Hi there,
I am working on deploy my segmentation model on Jetson Orin NX and Jetson Orin Nano, so I compare the performance of two device.
I found some intresting points:
- Orin Nano with high GPU frequency compare with Orin NX(25W mode), so Orin Nano 8GB even faster than Orin NX 16GB when infering (Low latency and high throughput), but for my case ,8GB is not enough.
- Even Orin NX has DLA, from the spec, the role of DLA is to relieve the burden on the GPU, enabling the transfer of certain layers in the model to run on the DLA. It also offers high power efficiency.
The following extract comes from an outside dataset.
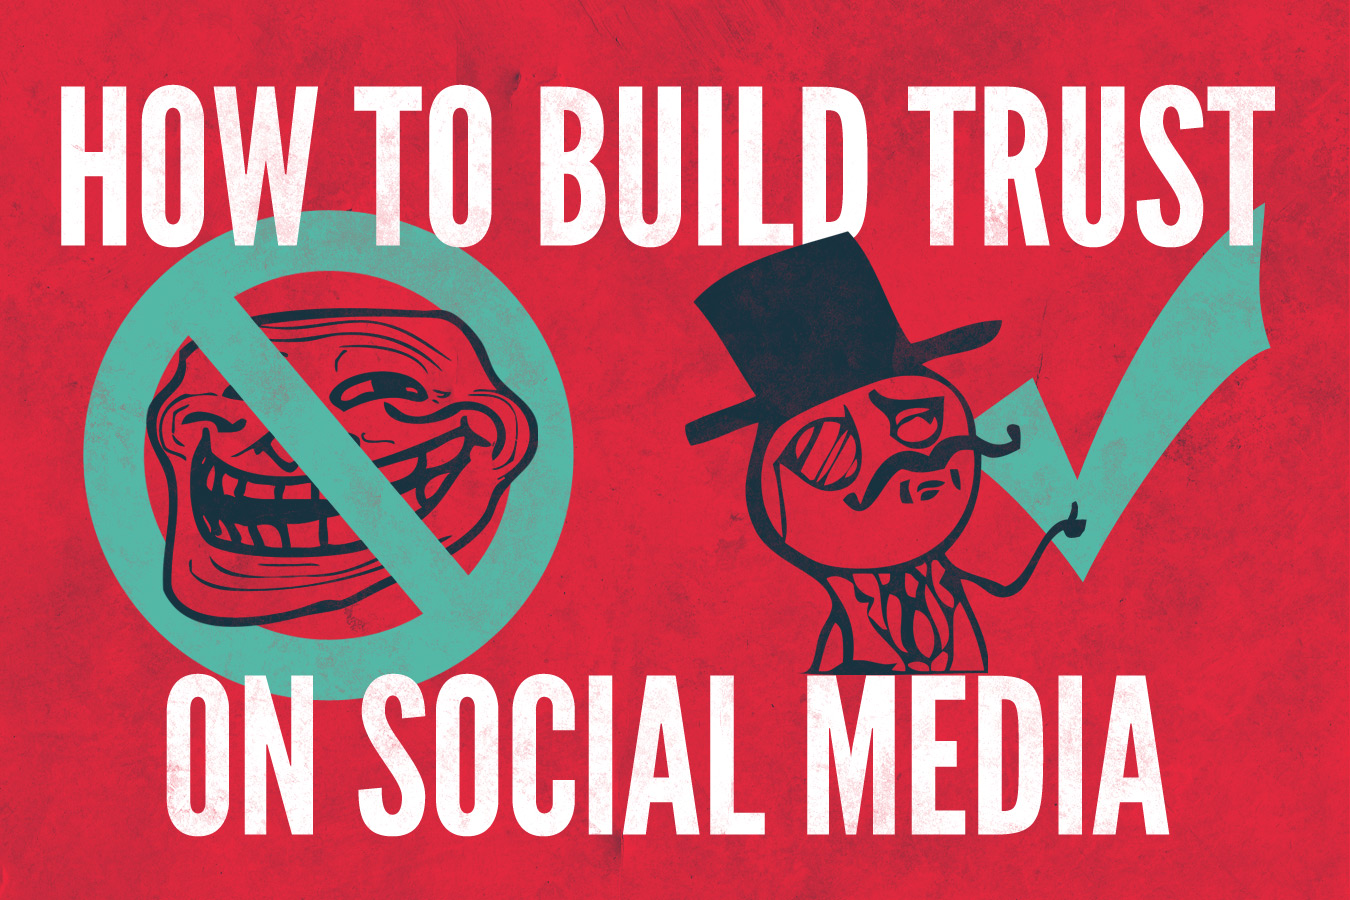 Building trust on social media

However, after moving the layers to the DLA, although the GPU load is reduced, the inference speed is slower compared to running on the GPU.
So this creates an awkward situation. If I want to use a 16GB device, my only option is the Orin NX. However, the inference performance of the Orin NX is inferior to that of the Orin Nano. Even though it has DLA, the inference using DLA is slower than that on the GPU.
Any suggestion about how to config the Orin NX to optimize the throughout with my model(already convert to tensorrt with DLA and without DLA and already do the precision speedup).
Or any other device suit for my case? What I want is the best performance with throughput and with 16GB memory.
BTW, I noticed that I can switch the power mode to MAXN, but does it a best practice? For I also noticed that it will cause the system to unstable.
Thanks.